Monday, July 25, 2011

Madrid, Port of Entry to el Paraíso de Fútbol


I moved to Madrid at the end of September 2010 -- about ten months ago and about six years since I last studied Spanish -- with little functional speaking ability and even less cultural or geographic knowledge besides a) at some point, some tourists run away from bulls in some city, b) something called 'tapas' is tasty, c) people eat a lot of eggs but not for breakfast, d) women are pretty e) a place called the Alhambra is stunning and f) everyone likes fútbol.

I soon realized that trying to fit into a new culture with a different language is an often confidence-shattering endeavor in which subtle gestures, expressions or smirks can kill a good vibe.

Although it may seem trivial, one such expression, I call it The Quizzical Look, was the worst moment of my day. The Quizzical Look is an absent-minded but obvious display of incomprehension and pity. You may have received it from a professor during a class in which you stammered comments in a desperate attempt to raise your participation grade.

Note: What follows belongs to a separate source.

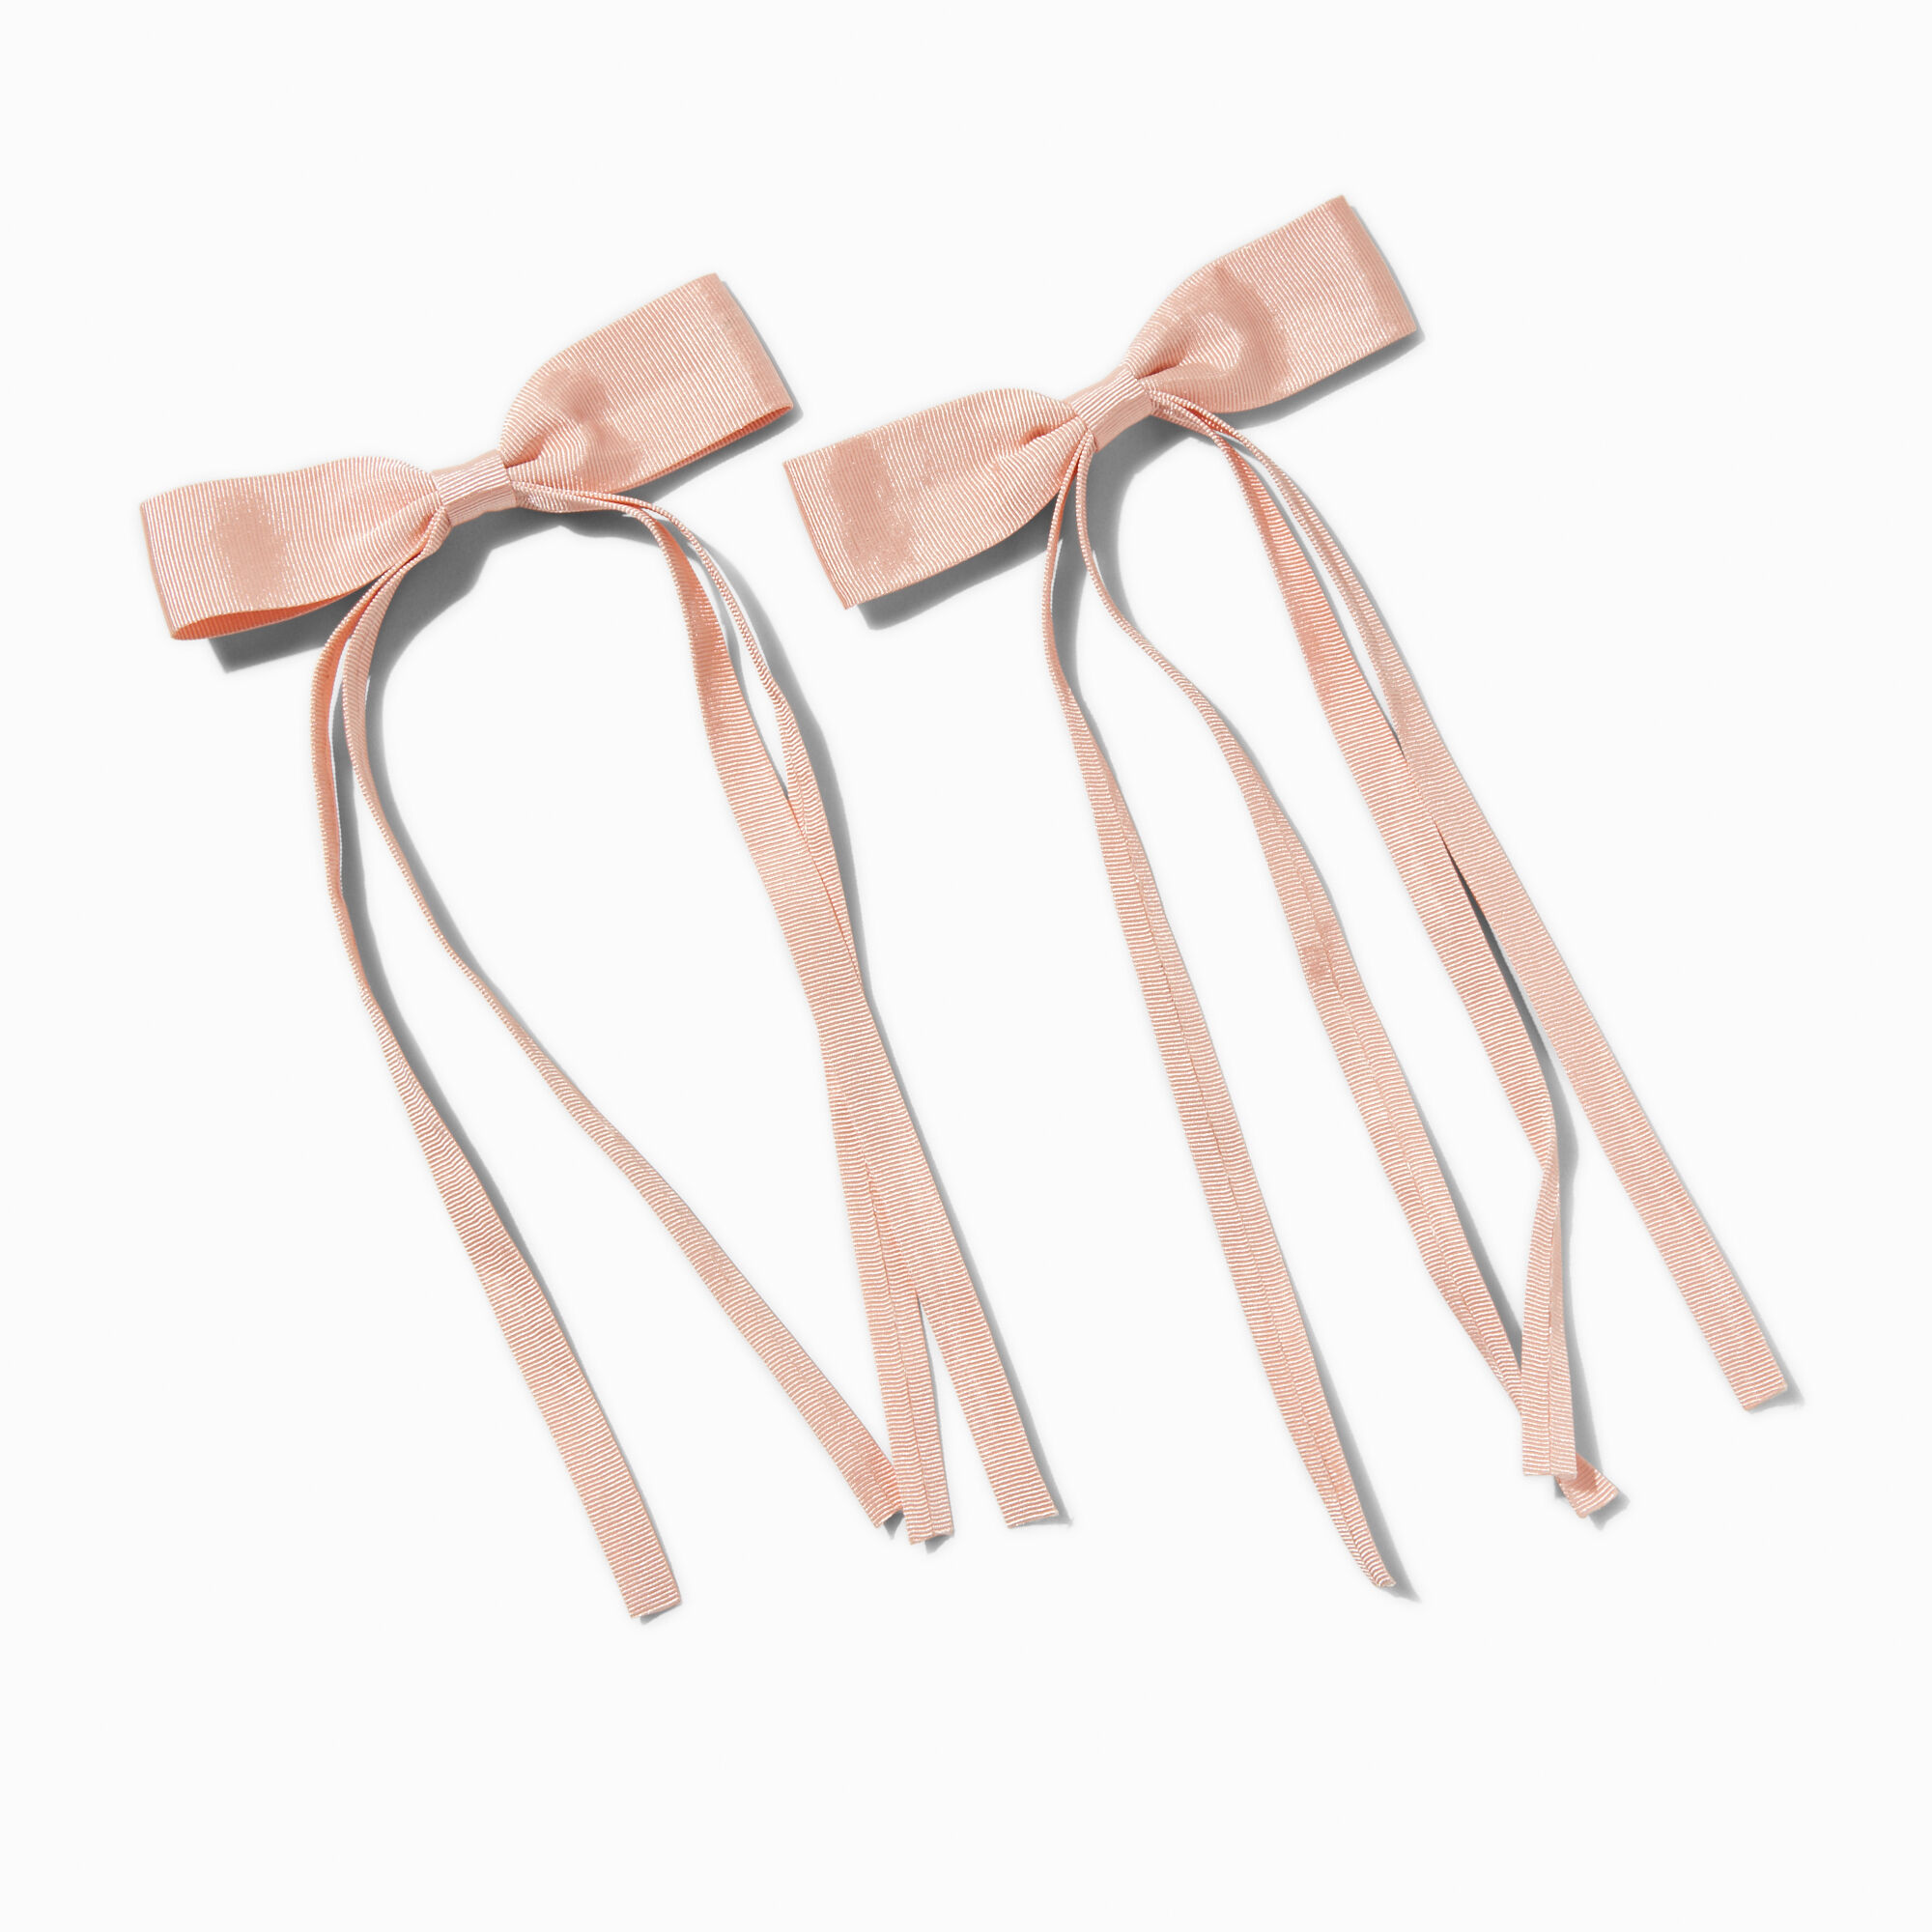 View Claires Blush Grosgrain Ribbon Long Tail Hair Bow Clips 2 Pack Pink information

You may have received it from a pretentious music fan as you amateurishly reviewed your favorite album or from a know-it-all sports nut when you tried to break down an NFL offense. Whatever the antecedent, TQL is universal: The listener cocks their head slightly, leans closer, purses their lips, squints and furrows their brow as if trying sooo hard to understand the nonsense fleeing your head. Normally, the person who delivers the exaggerated “You’re babbling and sound like an idiot” expression does not mean any harm — they do not consider the implications or affect of their facial contortion — but the look is truly disheartening and makes me want to stop trying.

Yet, overcoming a series of embarrassing experiences forces one to find perspective and adopt aplomb-repair strategies. So, whenever I feel discouraged after receiving TQL as I butcher the pronunciation of the letters R and RR, I remind myself I have learned un montón de cosas since I first emerged from the Metro soaked with sweat, dragging 90 lbs. of luggage and wandering aimlessly because I couldn't understand the responses from the passersby whom I asked for directions.

Back to the aforementioned things I actually knew before I was so frequently and thoroughly humbled. I was pumped about b, c and d, curious about e, indifferent to a and most excited for f -- fútbol. Of course I would miss Eli Manning and the Giants, miss the NHL Playoffs and even miss the ever-failing Mets, but like Joseph Gordon Levitt getting over Zooey Deschanel by running into Minka Kelly at the end of 500 Days of Summer, Jason Segel upgrading from Sarah Marshall to Mila Kunis and the plot of every other romance film ever, something better was on its way.

I was about to immerse myself in Iniesta-Cup-clinching, Diego-Forlán-Golden-Ball-winning, Gerard-Pique-hammered-on-a-parade-float soccer paradise.

My love for soccer became my best tool for adapting to Spanish culture. Each day, I learned more sentence structures and slang by reading the commuter tabloid sports sections in the morning and Marca.com (The ESPN of Spain) articles and user comments in the evening. I learned how to swear by listening to the jaded "sufridores" (sufferers) cursing Atlético de Madrid's shaky defense. I learned about the weird web of political ideology and sports fandom, which helped me begin to understand some Spanish social issues, politics and the transition from Fascism to modernity.

Most importantly, I always had some way to talk to and connect with people, whether they were the third graders wearing full Spain national team kits, including socks and cleats, in my English classes or the drunk guys at the bar calling me Guti because I have long blonde hair and posing around me for photos.

This year I have watched games at Atleti's Vicente Calderon stadium, Real Madrid's Santiago Bernabeu, FC Porto's Estadio de Dragao and Barcelona's Camp Nou as well as a ton of bares, tabernas, cervecerías and other spots that cram the calles of Madrid and offer cheap beer, a basket of sunflower seeds and a TV screen on which Cristiano Ronaldo overpowers otherwise unflappable defenders for an hour and a half.

In two days I return to New Jersey (true home of Villarreal's star striker/Italian turncoat Guiseppe Rossi -- another important conversation starter) and I'm excited to watch Thierry Henry at Red Bull Arena to juggle with my brother in the frontyard while trying to impress joggers and to write and create art for this website.


Outside Camp Nou in Barcelona with my tall friend Aaron.